Monday, July 6, 2009

Effective Clustering

The term *Clustering*, in the context of computing, is a group of one or more servers (or nodes) that are connected via a high-speed interconnect, with the objective of offering an illusion of a single computing platform. Let’s look at the benefits of creating an effective computing cluster, and the considerations that surround it.

Some of the benefits of a computing cluster are:

1. Better Scalability: Clustering is a way to augment the horizontal scalability of the service provided by the computing platform. Vertical scalability may be augmented by hardware enhancements (better processor, more memory), and/or by using good design practices and code refactoring to remove performance bottlenecks in the service offered. Efforts to achieve vertical scalability work up to a point, and after that the only available option is horizontal scalability, which is achieved by adding more nodes and forming a computing cluster. However, if a single node supports N users, having five such nodes doesn't mean automatic support for 5XN users. Linear scalability depends on certain other considerations, such as load balancing and continuous monitoring, which have been explained later.

2. High-Availability / Failover: Another important benefit of clustering is redundancy of data and service. In the event of a failure of one or more nodes in the cluster, it is expected that the other nodes continue to offer access to the service and associated data, perhaps not at the same level of performance. Data availability for certain clusters that don’t have a shared database is not trivial, as it generally involves some form of data replication to synchronize the data on all the nodes in the cluster.

3. Improved Performance: Certain clusters are set up to perform lengthy computation tasks in parallel. Having more than one node concurrently work on a task may significantly improve the performance of the overall computation, provided that the gains surpass the overhead involved in task allocation and collating the results.

Now that we have reviewed some of the benefits of clustering, let's review some consideration for setting up effective clusters.

1. Cluster Type: The very first consideration to address is the type of cluster that we desire to set up - should it be an active-passive cluster or an active-active cluster?
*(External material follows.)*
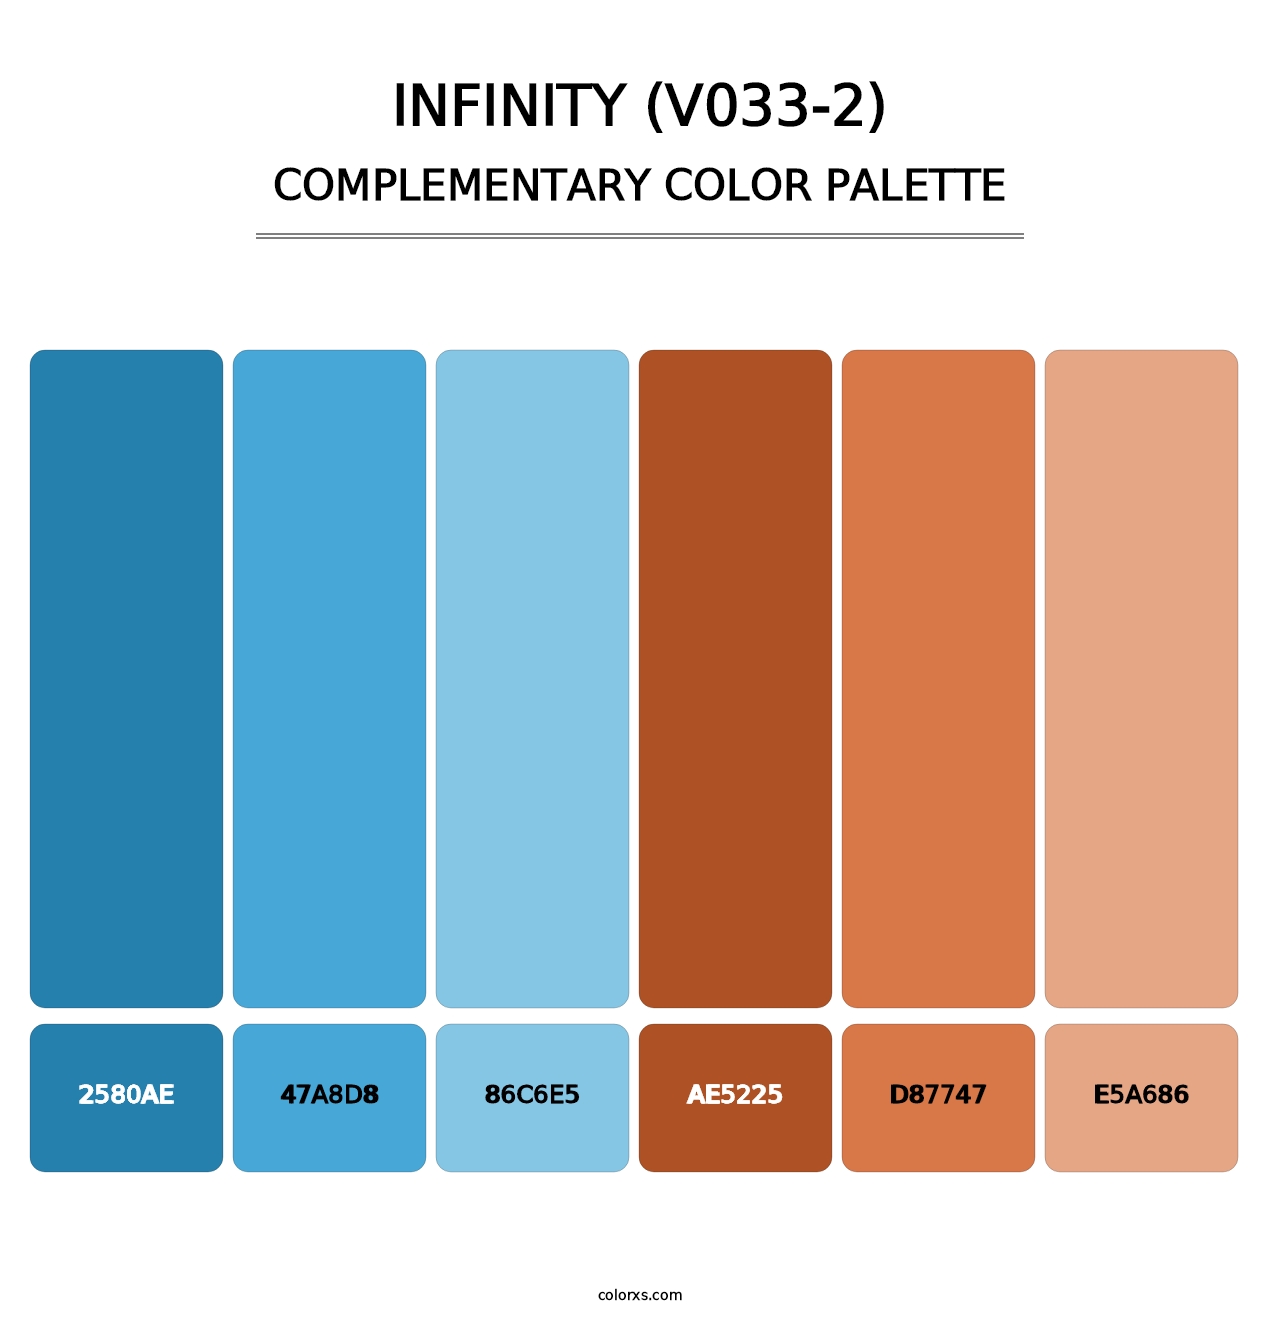 Infinity (V033-2) - Complementary Color Palette

An active-passive cluster has only a single processing node and one or more standby nodes, one of which is designated as a fail-over for the primary (sometimes referred to as the hot standby). An active-passive cluster is generally targeted towards high-availability and failover, and it offers limited or no scalability. An active-active cluster is basically a cluster of peers and it offers true scalability, as well as high-availability and failover. An active-active cluster generally requires the synchronization of shared resources (data, session) across all the nodes in the cluster.

2. Load Balancing: A good load balancing mechanism of one of the most important tenets of an effective cluster. It is imperative to equally distribute the processing load on all the nodes in the cluster. While using an external load balancer, such as a commercial one from F5 or the free Apache mod_proxy_balancer, is a viable option, it adds up to the cost of the deployment. Good load balancers (F5) easily cost a couple of thousand dollars and even the free ones (mod_proxy_balancer) require an additional dedicated machine. Some low-end load balancers don’t do anything more than a round-robin on the client requests and they perform a shallow ping on the node, only checking for the availability of the node, not of the offered service. While external load balancers are a viable option in some cases (for thin browser-based clients), for other proprietary client cases, it is better to build the load balancing in the client. Implementing a load balancing algorithm in the proprietary client gives the opportunity to determine the real-time load on the cluster, via a connection set up (or handshake) phase.

3. Handling Shared Resources: Certain resources may need to be shared across the cluster; however, they may be node-specific by nature – such as data kept in local databases, user session data, and distributed task processing data. Synchronization of this data across the cluster involves certain data replication and distributed locking mechanisms. For a cluster to perform at optimal levels, the data replication and distributed locking algorithms need to be well designed.

4. Continuous Monitoring: A given node in the cluster should be aware of the state of the other nodes in the cluster. This may be achieved using a heartbeat mechanism, where periodic ping messages are exchanged between the various nodes in the cluster. In the event of a node being down, other members of the cluster may attempt to restart it and even temporarily redistribute the load of the failed node among them.

By meticulously handling these clustering considerations, we can hope to receive some of the tangible benefits of an effective clustering solution.